# [WHAT THIS TASK INVOLVES]
The full listing is to be transcribed exactly, with each picture left out.

# [DATA SHOWN]
--*--

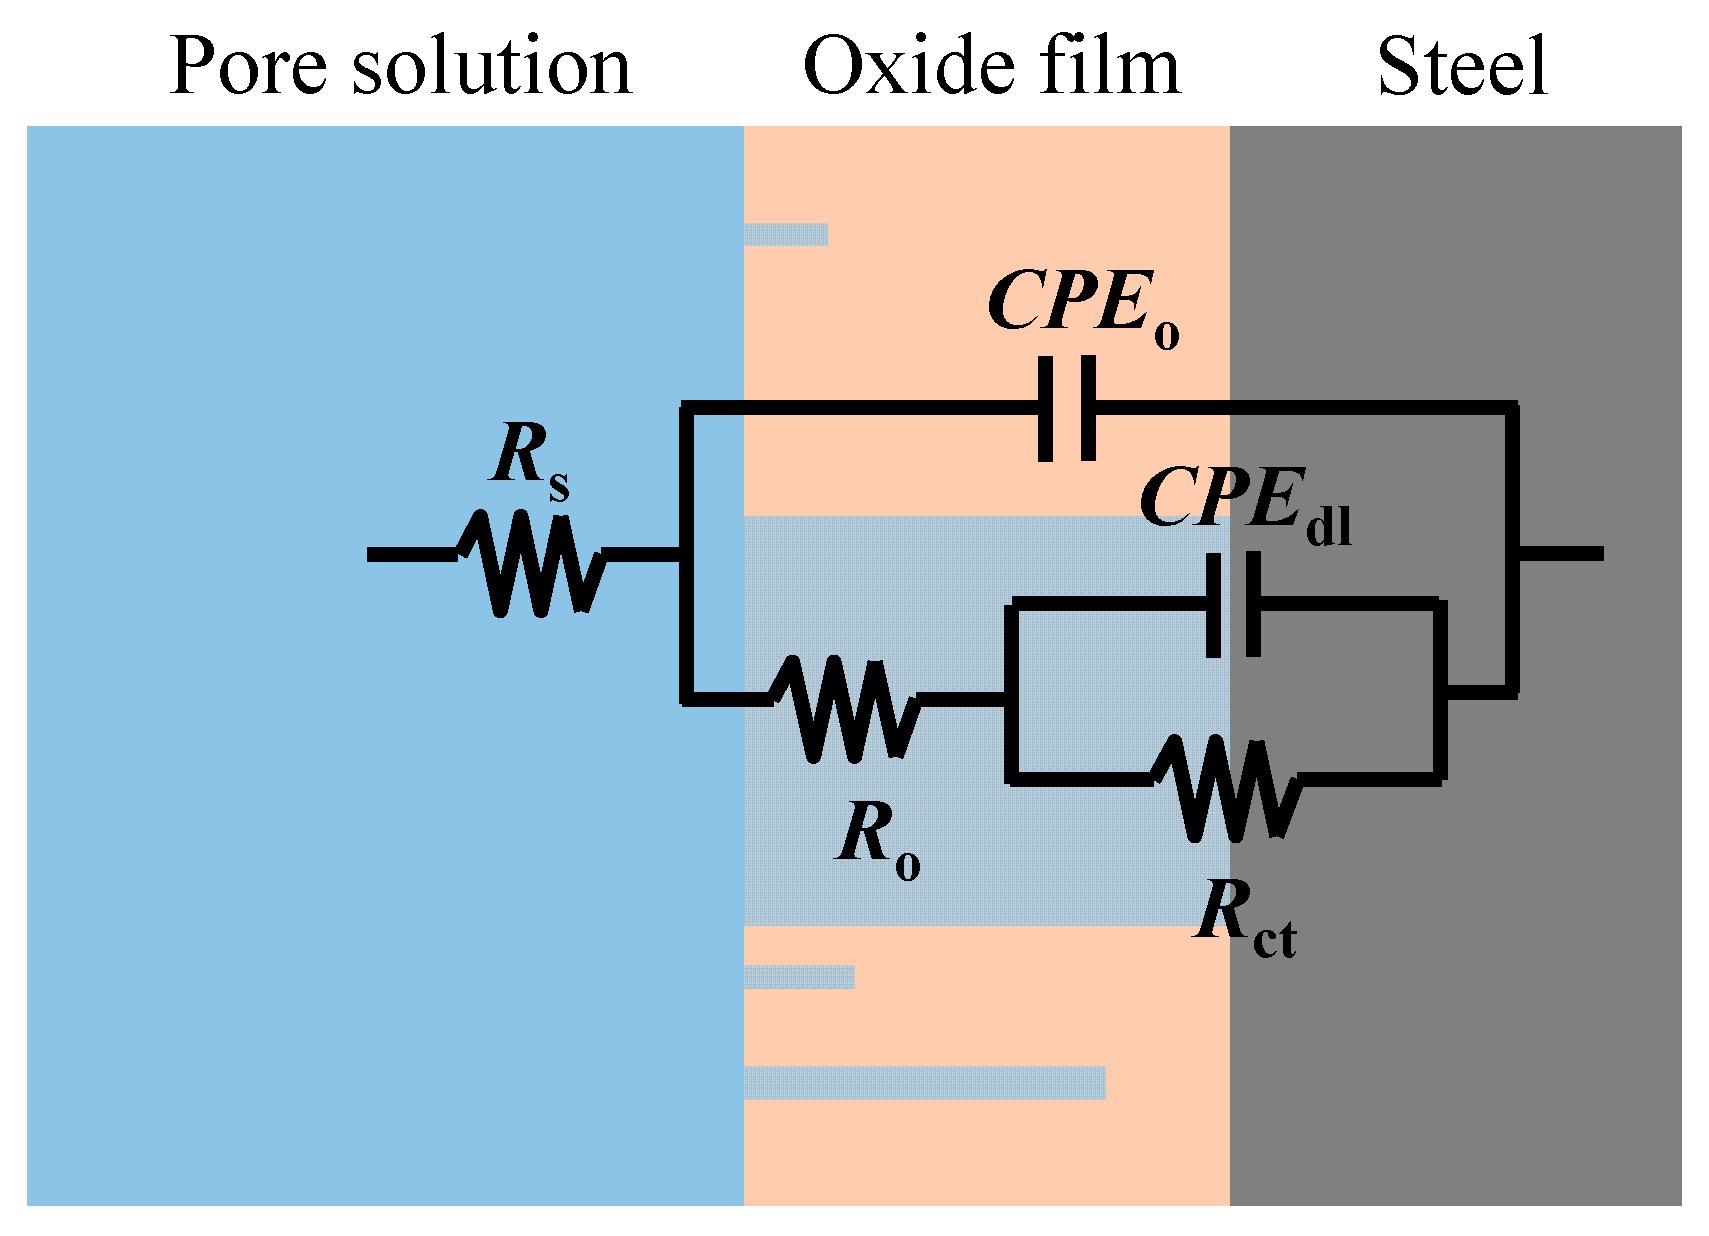 The equivalent circuit used to simulate the behavior of steel in the concrete pore solution.
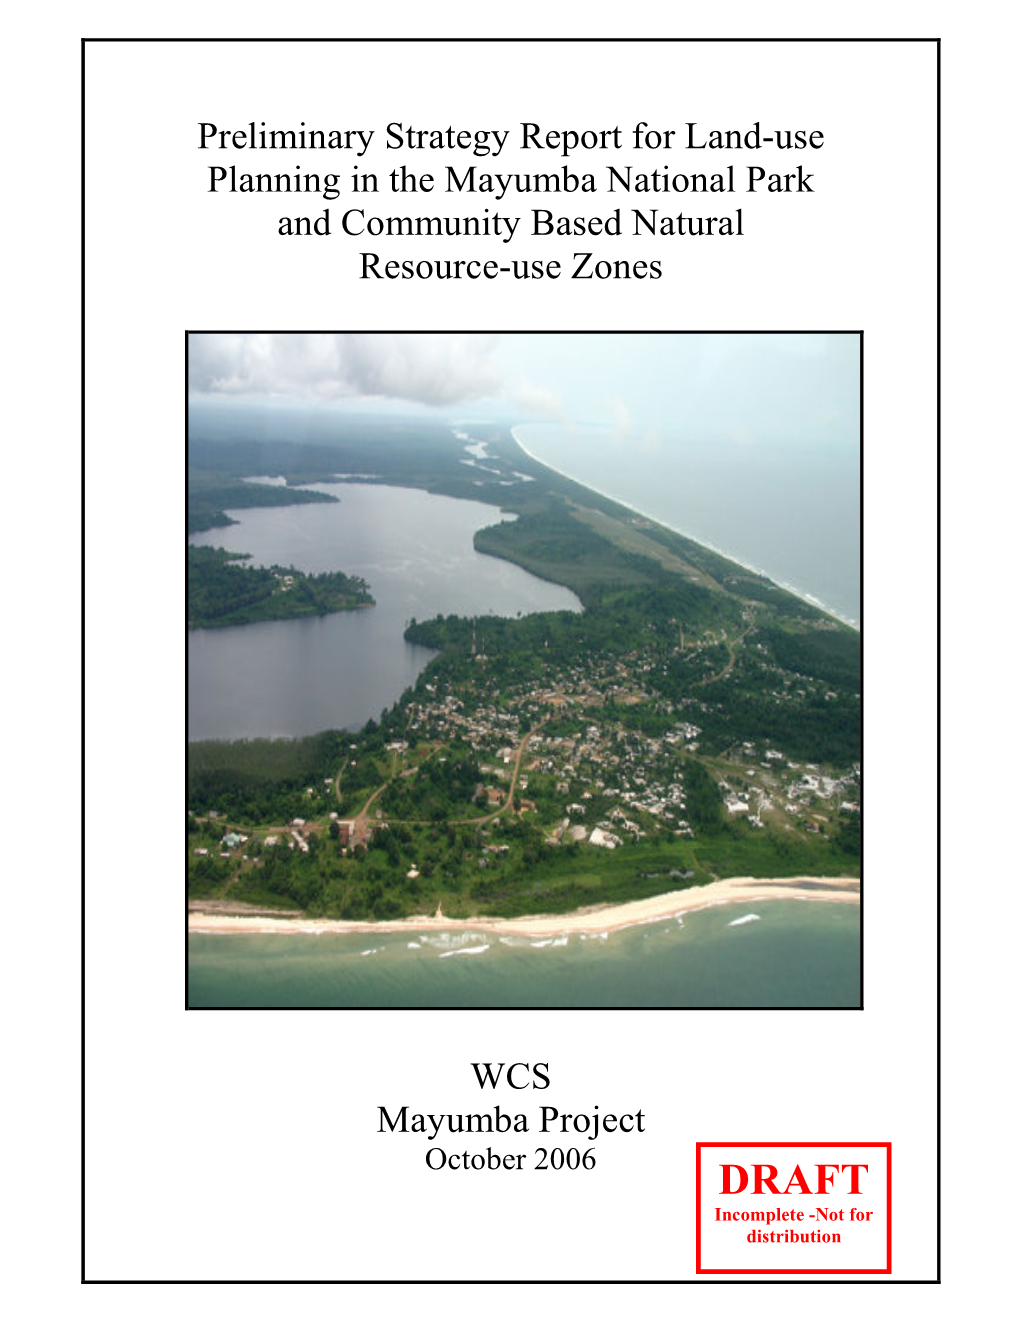 Preliminary Strategy Report for Land-Use Planning in the Mayumba National Park and Community Based Natural Resource-Use Zones
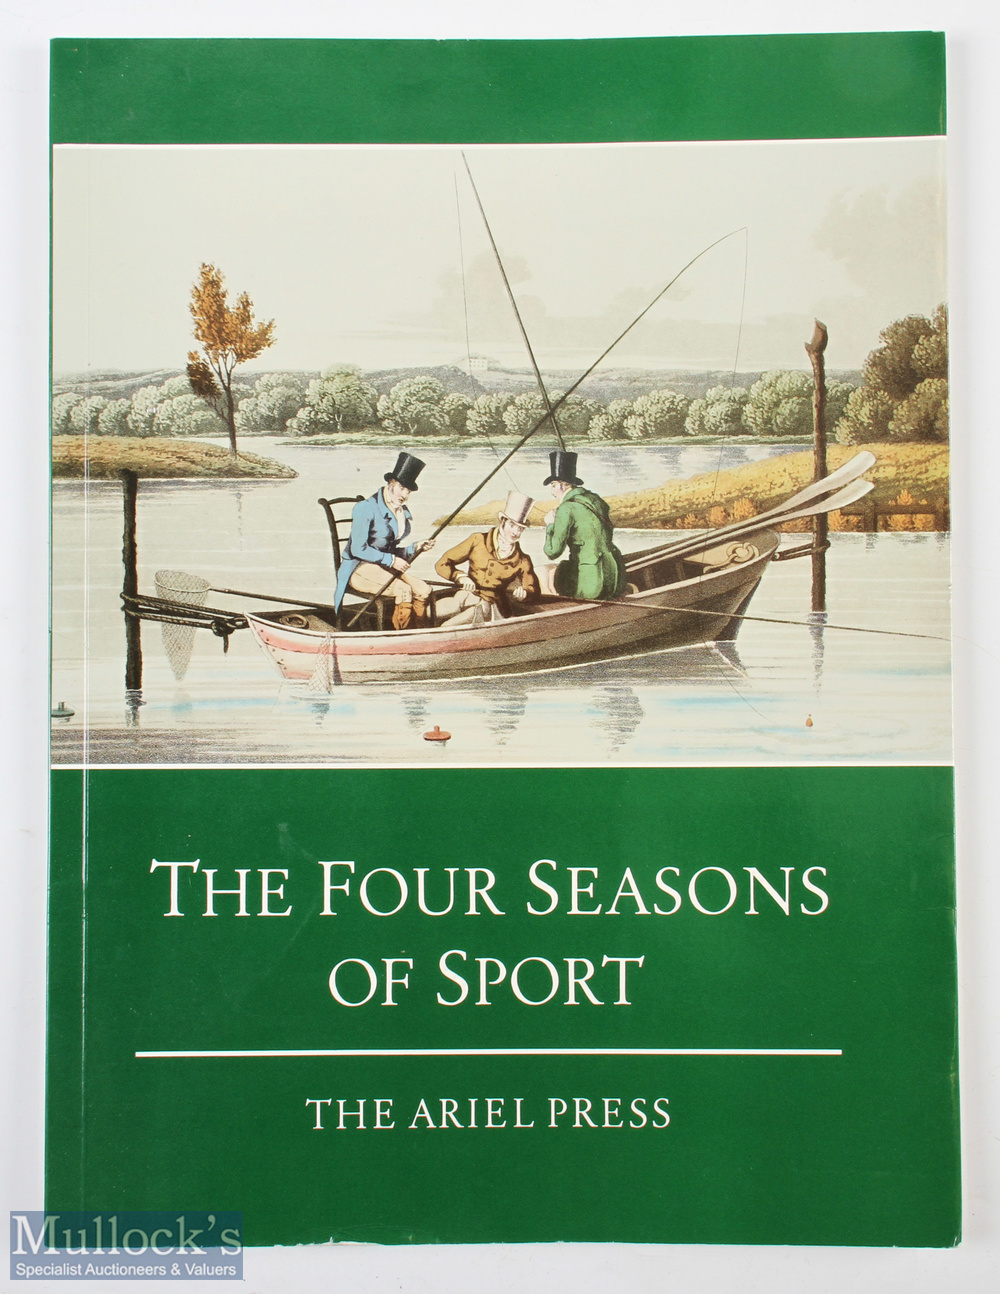 The Four Seasons of Sport - The Ariel press London book of prints fishing, hunting horse racing 31cm

--*--

# [ANSWER SECTION]
 The equivalent circuit used to simulate the behavior of steel in the concrete pore solution.
 Preliminary Strategy Report for Land-Use Planning in the Mayumba National Park and Community Based Natural Resource-Use Zones
 The Four Seasons of Sport - The Ariel press London book of prints fishing, hunting horse racing 31cm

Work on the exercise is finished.